Specific stacktrace here. In this example, the PipelineJob JSON is providing absolute filepaths, which should be allowable. In 25.11 they throw this exception:

11 Dec 2025 09:58:10,890 ERROR: Path to parent not allowed: ../../../../../../../exacloud/gscratch/prime-seq/workDir/10f37793-b6a1-103e-82cb-f619086abb6f/SequenceA.work/adapters.fasta
java.nio.file.InvalidPathException: Path to parent not allowed: ../../../../../../../exacloud/gscratch/prime-seq/workDir/10f37793-b6a1-103e-82cb-f619086abb6f/SequenceA.work/adapters.fasta
    at org.labkey.api.exp.AbstractFileXarSource.canonicalizeDataFileURL(AbstractFileXarSource.java:126)
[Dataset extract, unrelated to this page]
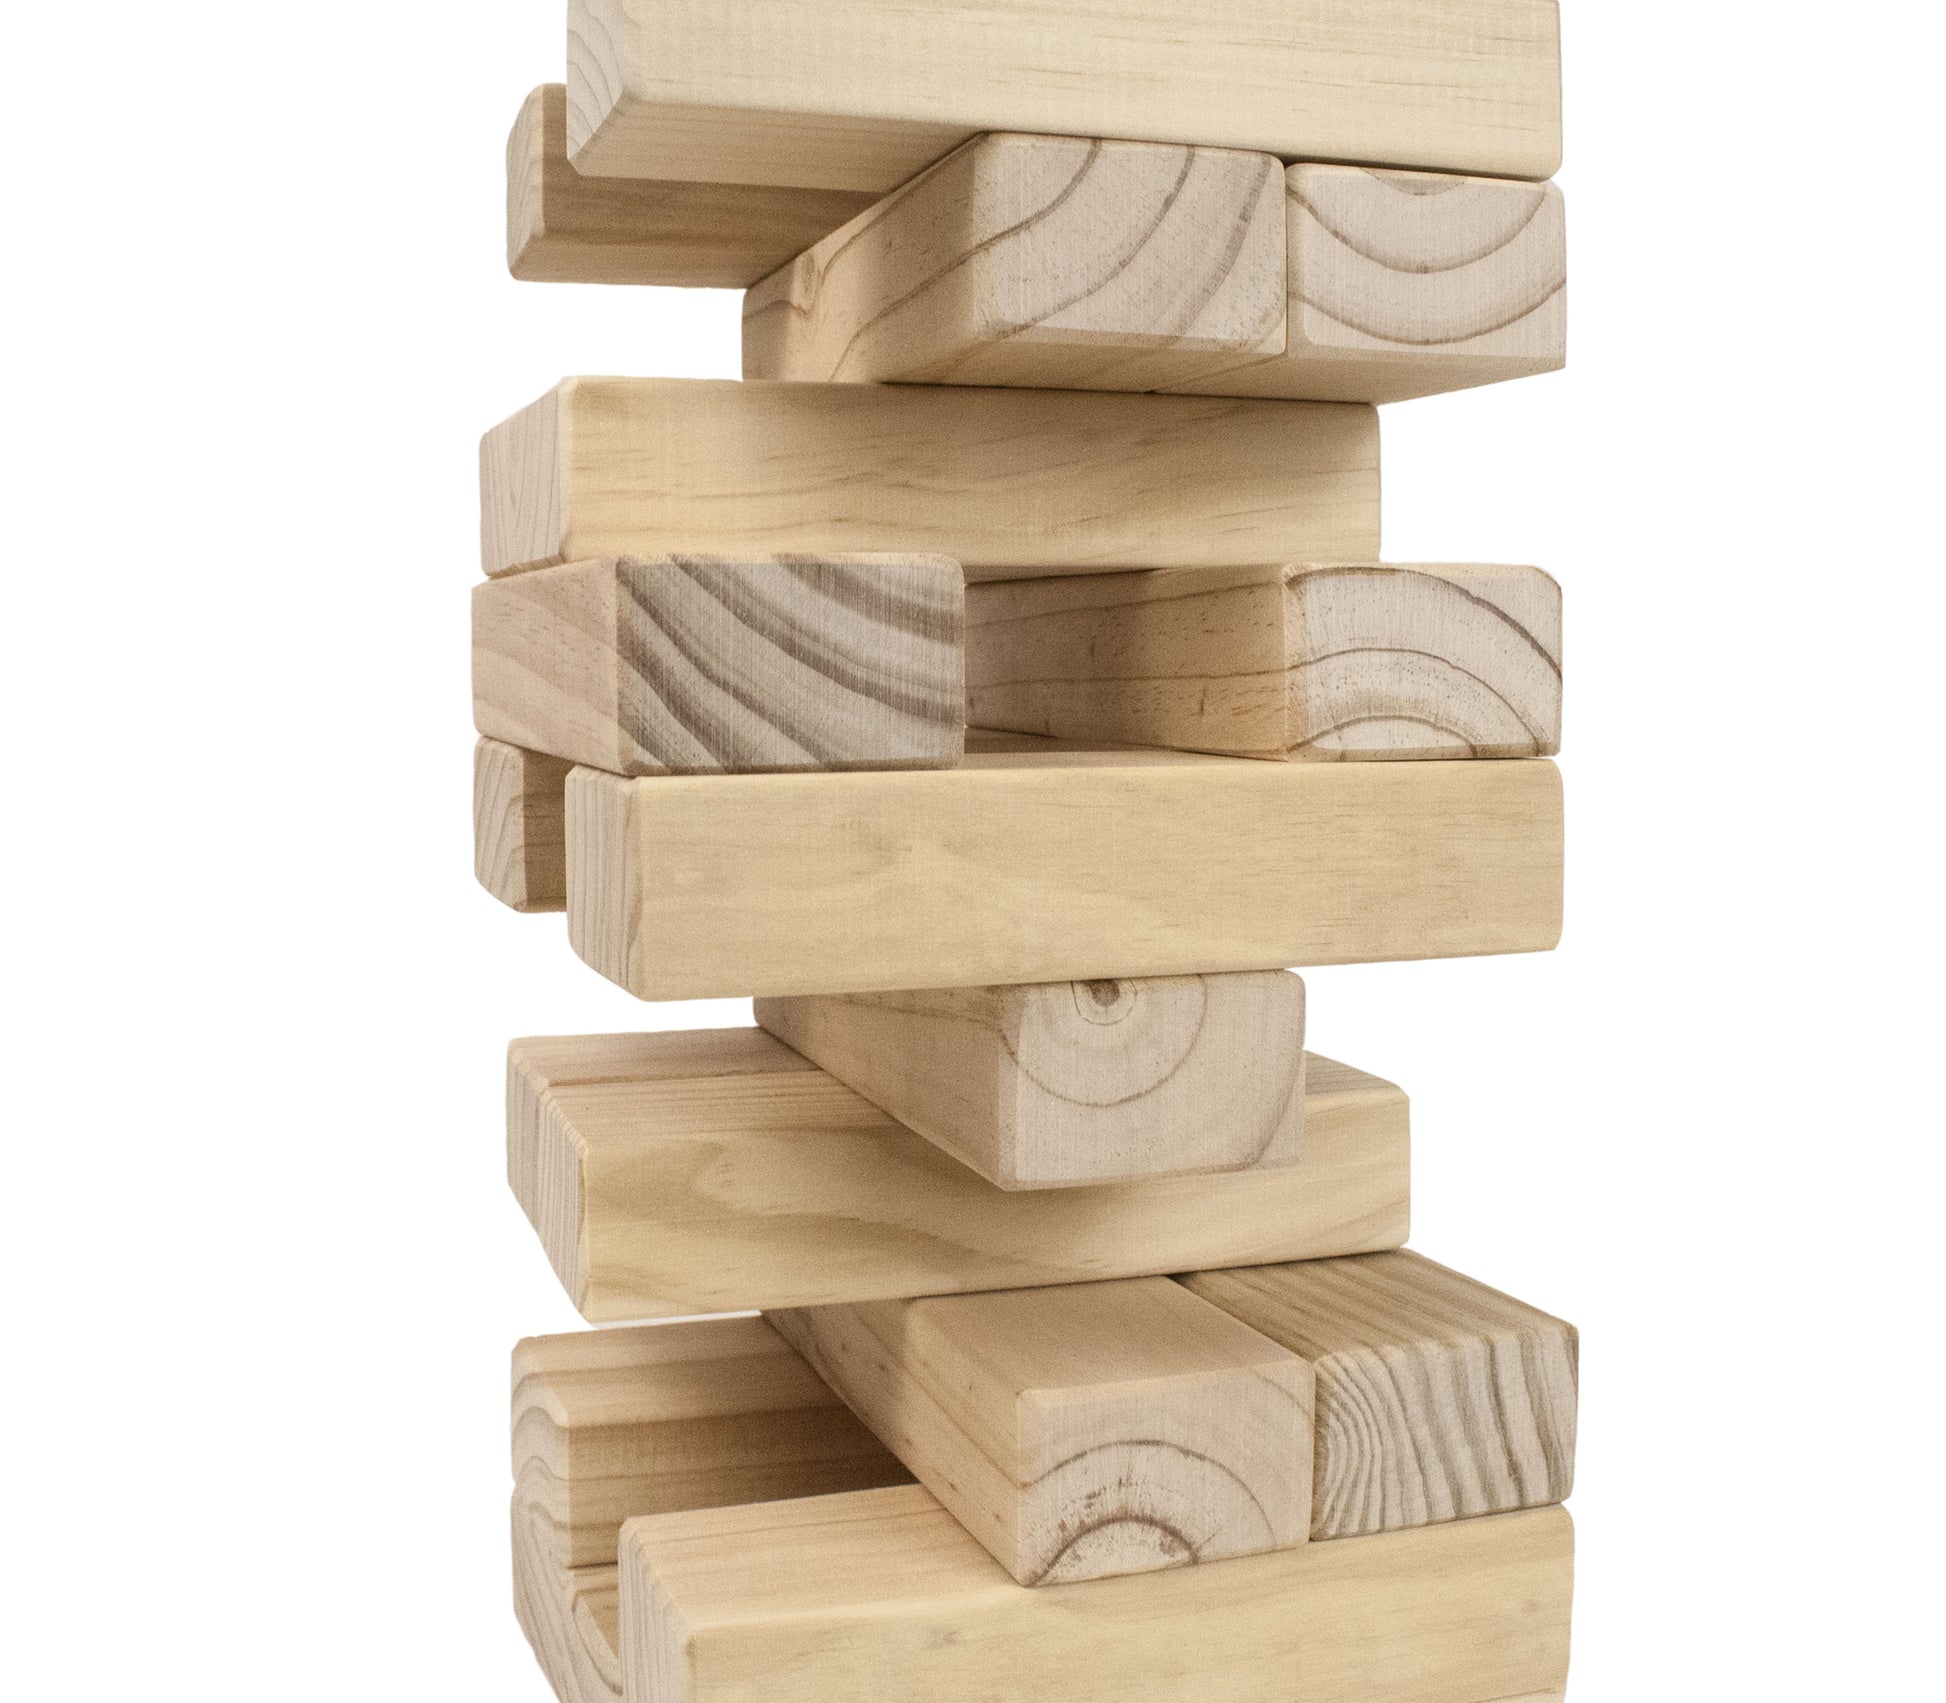 Wood City Wooden Giant Timber Tower with Dice jenga games

    at org.labkey.api.exp.XarSource.getCanonicalDataFileURL(XarSource.java:116)
    at org.labkey.experiment.xar.AutoFileLSIDReplacer.getReplacement(AutoFileLSIDReplacer.java:64)
    at org.labkey.api.exp.xar.Replacer$CompoundReplacer.getReplacement(Replacer.java:48)
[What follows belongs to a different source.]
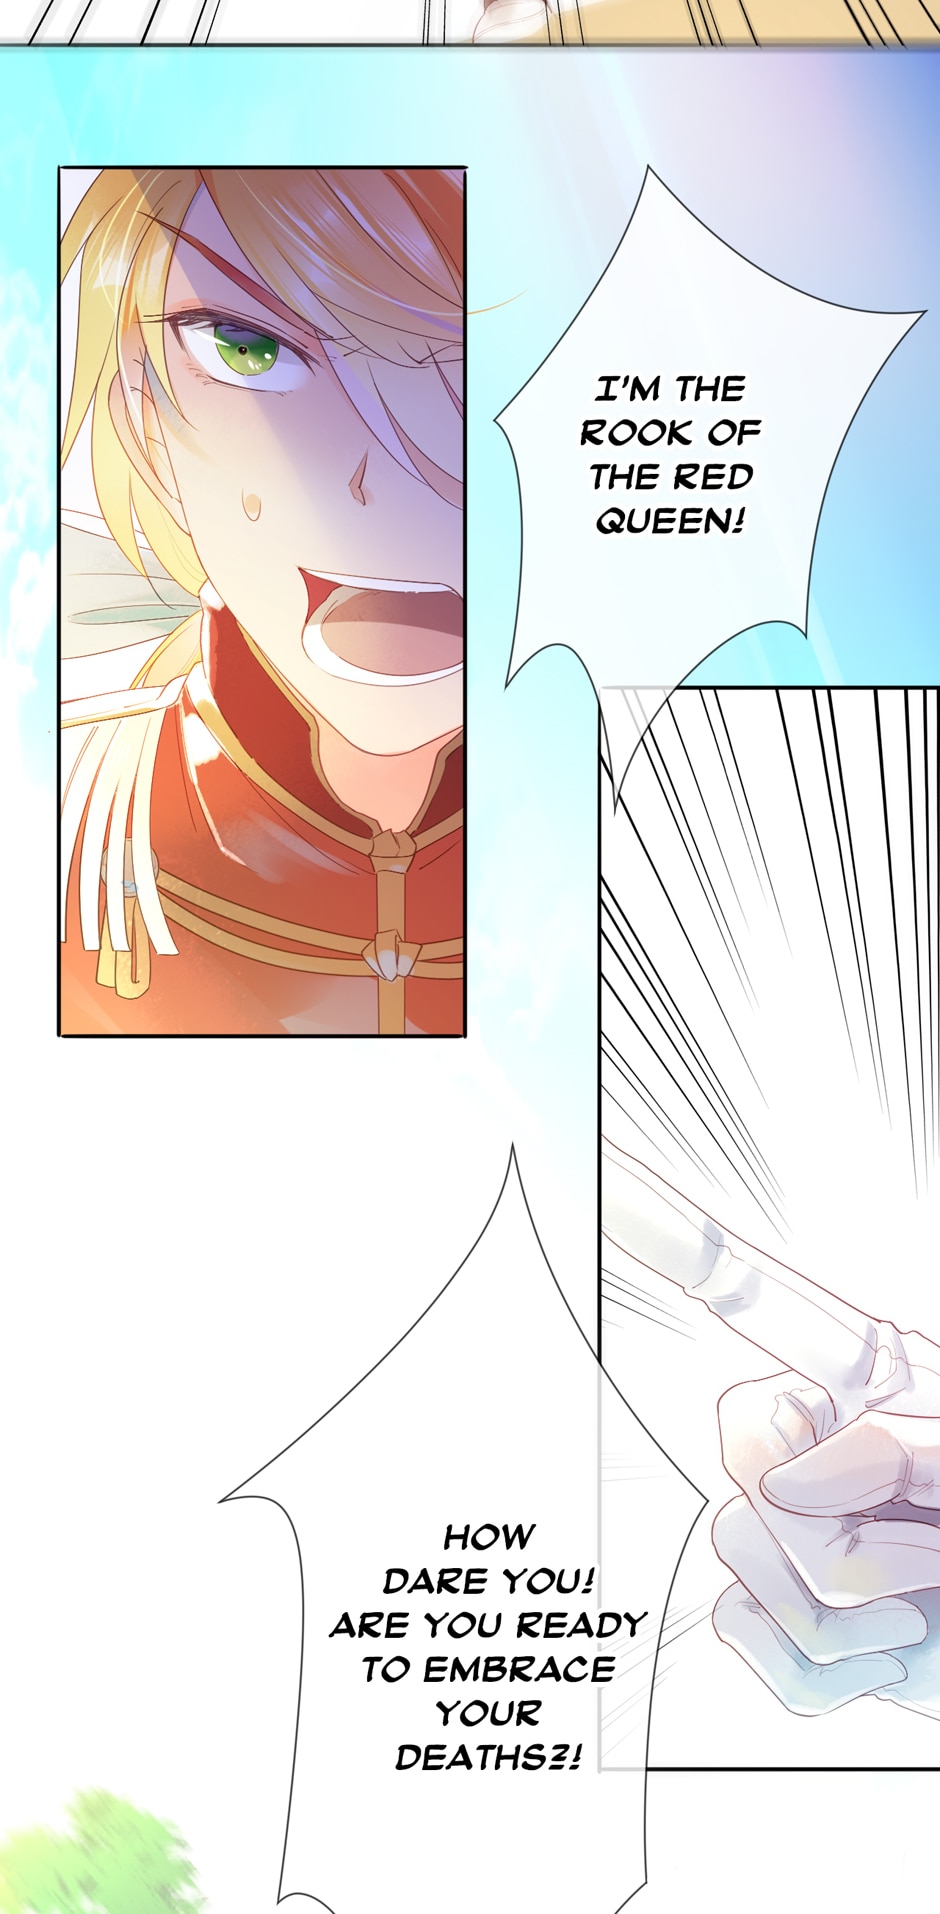 The Queen's Knights Ch.5

    at org.labkey.api.exp.xar.LsidUtils.doReplacements(LsidUtils.java:154)
    at org.labkey.api.exp.xar.LsidUtils.resolveStringFromTemplate(LsidUtils.java:131)
    at org.labkey.api.exp.xar.LsidUtils.resolveLsidFromTemplate(LsidUtils.java:95)
    at org.labkey.api.exp.xar.LsidUtils.resolveLsidFromTemplate(LsidUtils.java:206)
    at org.labkey.experiment.api.ExperimentServiceImpl.createData(ExperimentServiceImpl.java:793)
    at org.labkey.experiment.api.ExperimentServiceImpl.createData(ExperimentServiceImpl.java:327)
    at org.labkey.experiment.pipeline.ExpGeneratorHelper.addData(ExpGeneratorHelper.java:112)
    at org.labkey.experiment.pipeline.ExpGeneratorHelper.addData(ExpGeneratorHelper.java:87)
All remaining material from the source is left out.